Richard Wysocki (born June 5, 1993, in Brunswick, Ohio) is an American professional disc golfer based in Fort Mill, South Carolina. Wysocki grew up in Medina, Ohio, near Roscoe Ewing Disc Golf Course.

After winning the 2010 PDGA Amateur Disc Golf World Championship, Wysocki turned pro. He is a 2-time PDGA World Champion and, as of April 2026, was the second highest rated player in the world. On January 4, 2022, Wysocki signed a 4-year/$4 million contract with Dynamic Discs.

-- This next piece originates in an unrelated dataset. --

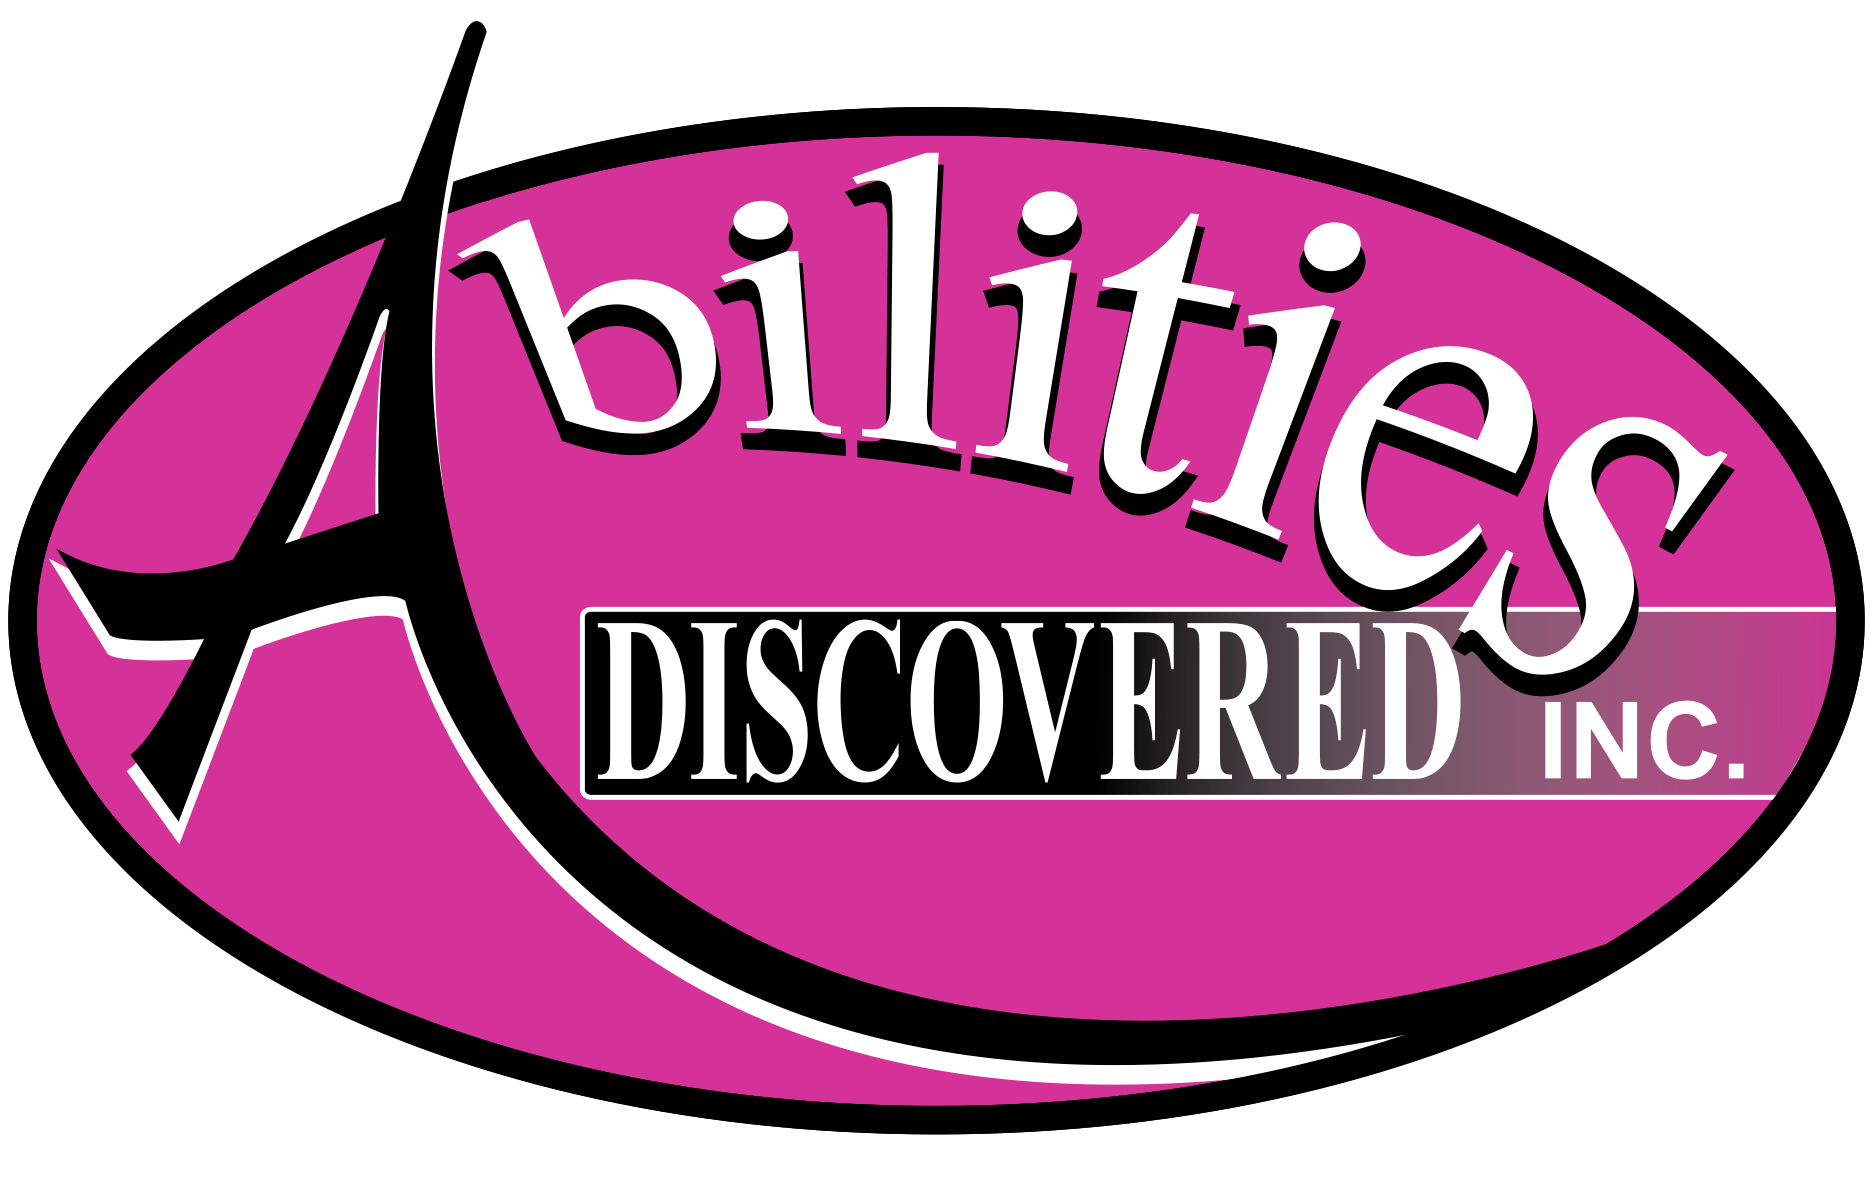 Abilities Discovered logo

Wysocki's contract pays him a base salary of $1 million a year with potential to reach $2 million per year depending on the amount of discs Dynamic Discs sells with Wysocki's name on it. Additionally, Wysocki's contract included a $250,000 signing bonus paid to Ricky in Bitcoin.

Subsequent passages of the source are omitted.